One solution to the problem of multiple fractures is to use the fluid's own dynamic movement to divert flow to a specific point. This method accurately positions and directs fracture initiation. With proper planning, a single fracture can be initiated and proppant can be easily placed without tortuosity effects.
This paper discusses the use of the dynamic fluid movement treatment in a well positioned on an incline through the pay section. Premature screenout had occurred when proppant first entered the formation on a previous treatment attempt, and fracture modeling indicated that multiple fractures were the apparent cause of the screenout. When the dynamic fluid movement method was used on a subsequent treatment, a fracture was initiated properly, and a large proppant treatment was placed successfully.
The North Grieve Unit (NGU) 23-23 is located in the North Grieve Field, 40 miles west of Casper, WY, in the southeast portion of the Wind River Basin (Fig. 1, Page 5). The formation, discovered in 1973, produces from channel-deposited Cretaceous Muddy Sandstone at a depth of approximately 10,000 ft. At North Grieve, the Muddy reservoir dips 30° to the northeast with the sand deposited on a north-south axis. Wells are deviated up to 30° to the southwest at Muddy depth, caused in part by the steeply dipping beds and natural bit drift that occurred while drilling. The Muddy produces 45° API "sweet" oil with fluid expansion and gravity drainage as principal drive mechanisms. A secondary gas cap formed early in the reservoir, and continuous gas reinjection has occurred into the gas cap since 1987. At present, gas cycling continues, with mixed natural gas liquid recovery of approximately 140 B/D and oil production of 100 BOPD. Two active gas-injection wells and four producing wells, including the subject well, are located in the North Grieve Field.
Well NGU 23-23
This well, originally completed in April 1987 in the Muddy without stimulation, had an initial production of 193 BOPD, 183 Mcf/D of gas, and no water production. A core taken in the productive Muddy had average porosity of 13.2% and average air permeability of 64 md. In January 1995, after producing approximately 232,000 STBO, the operator attempted to side-track the well downdip to a more oil-productive position below the secondary gas cap. The first sidetrack attempt penetrated margins of the Muddy channel without encountering any net pay. In late 1995, a second sidetrack was drilled slightly updip and encountered 25 ft of net pay with log parameters similar to the original productive wellbore. The wellbore consists of 5½-in. N-80 casing cemented at a measured depth of 10,435 ft with a deviation of 26° at Muddy depth.
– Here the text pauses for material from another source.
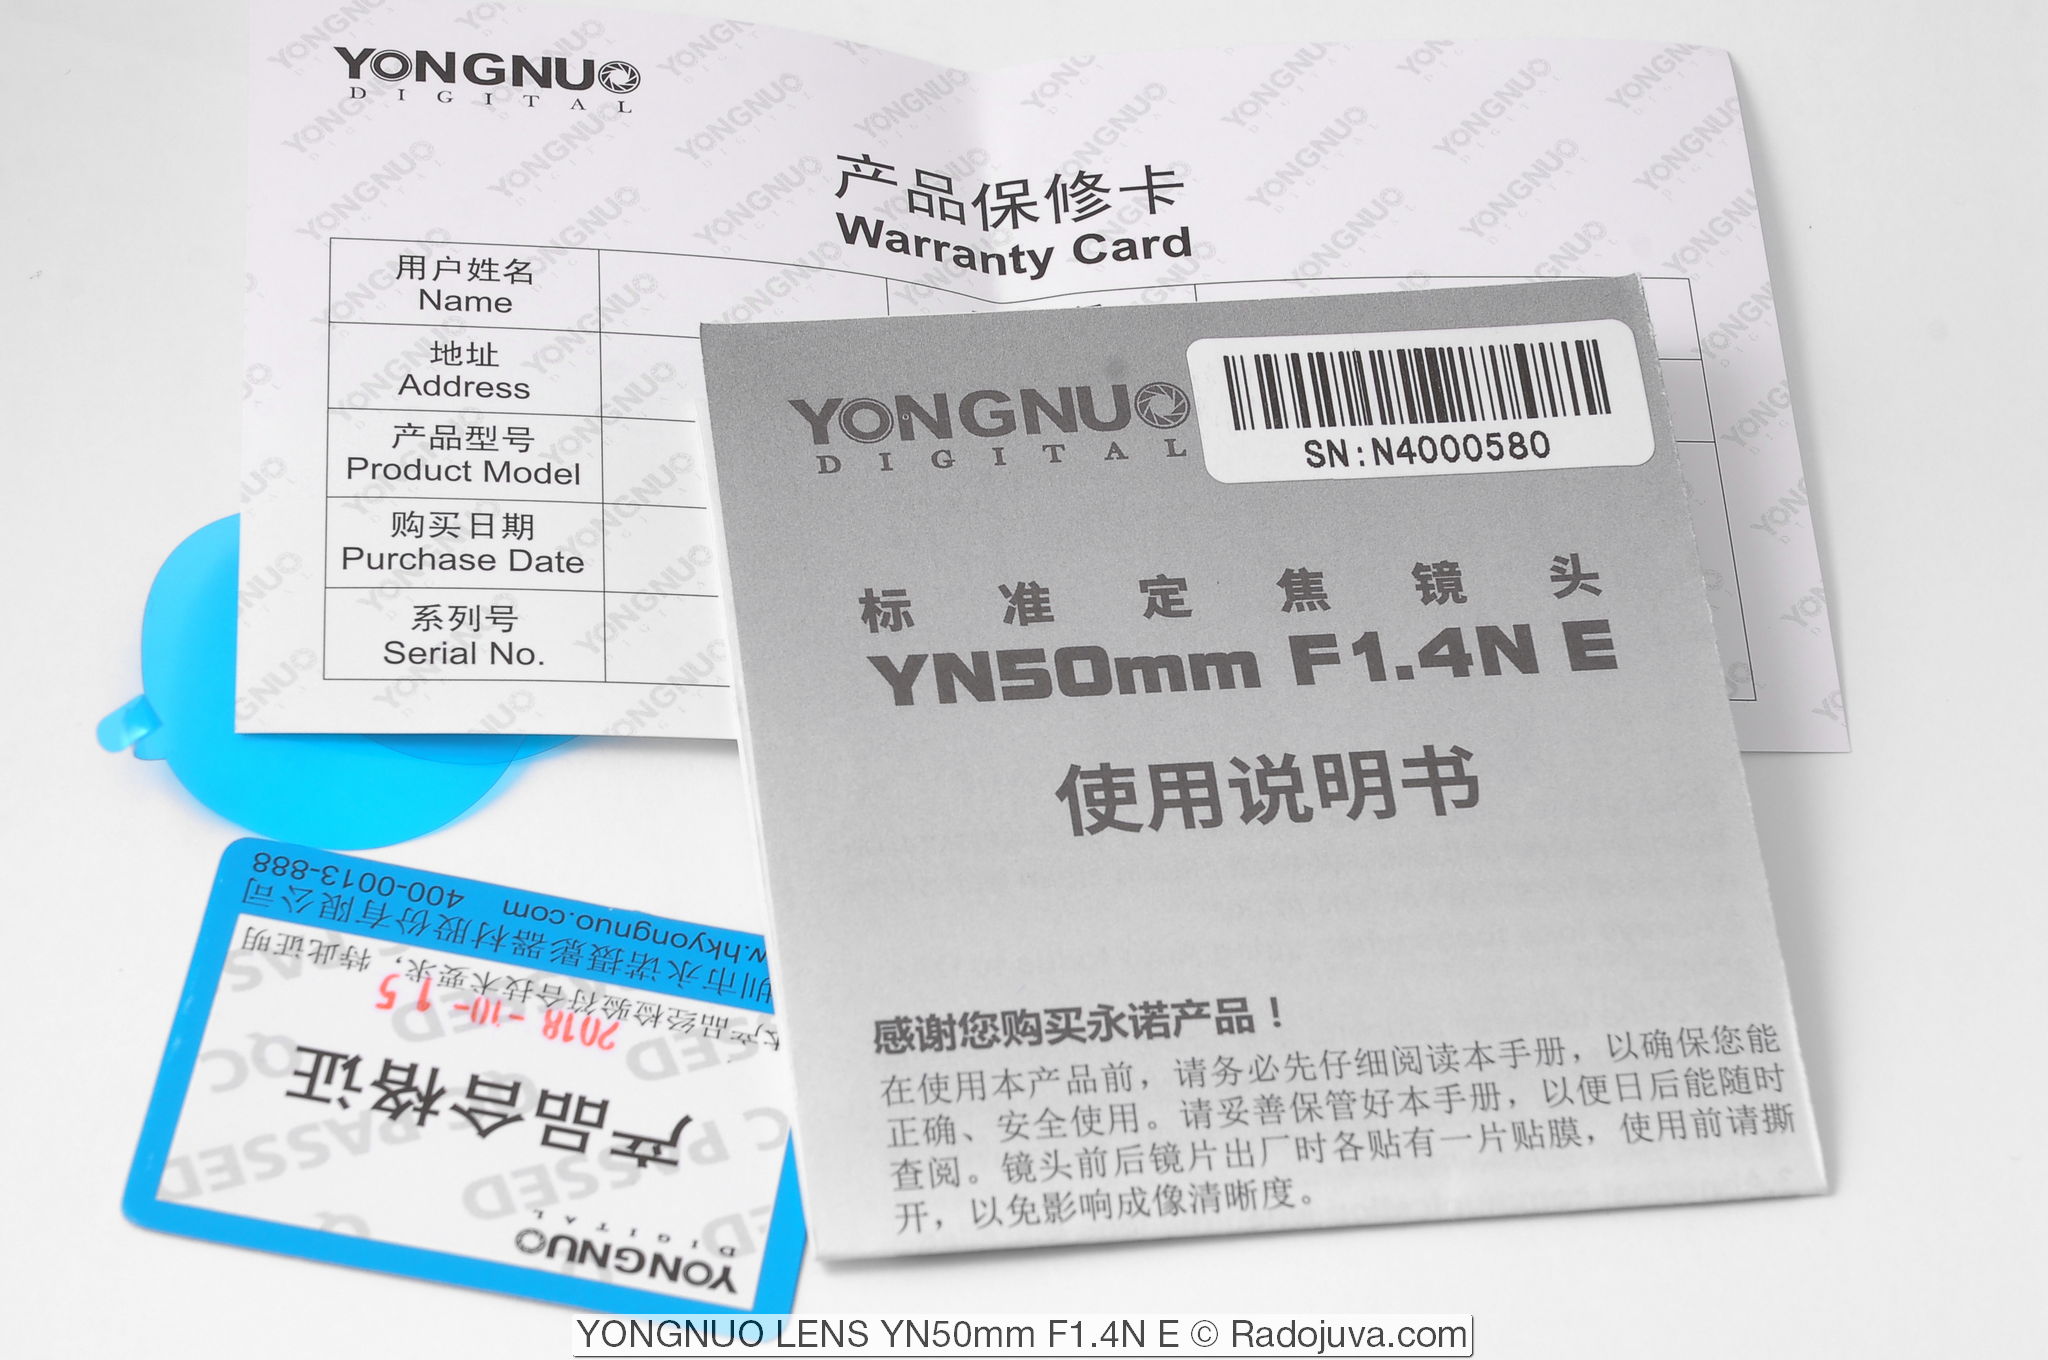 YONGNUO-LENS YN50mm F1.4N

The second sidetrack was underbalanced-perforated from 10,301 to 10,326 ft with 4 shots per foot at 90° phasing. Pressure surveys indicated an adequate reservoir pressure of 3,100 psi, but the well failed to produce commercially. In December 1995, the operator attempted a fracture stimulation treatment with 20/40-mesh sand and gelled crude oil. The treatment screened out early, resulting in only an estimated 8,000 lbm of sand being placed in the formation. Subsequent efforts to produce the well failed to recover economical quantities of oil, and the well was shut in during January 1996.
A new operator became responsible for the field. After continued periodic pressure surveys indicated that the reservoir in the vicinity of this well was not being drained, the new operator planned another fracture treatment attempt late in 1999.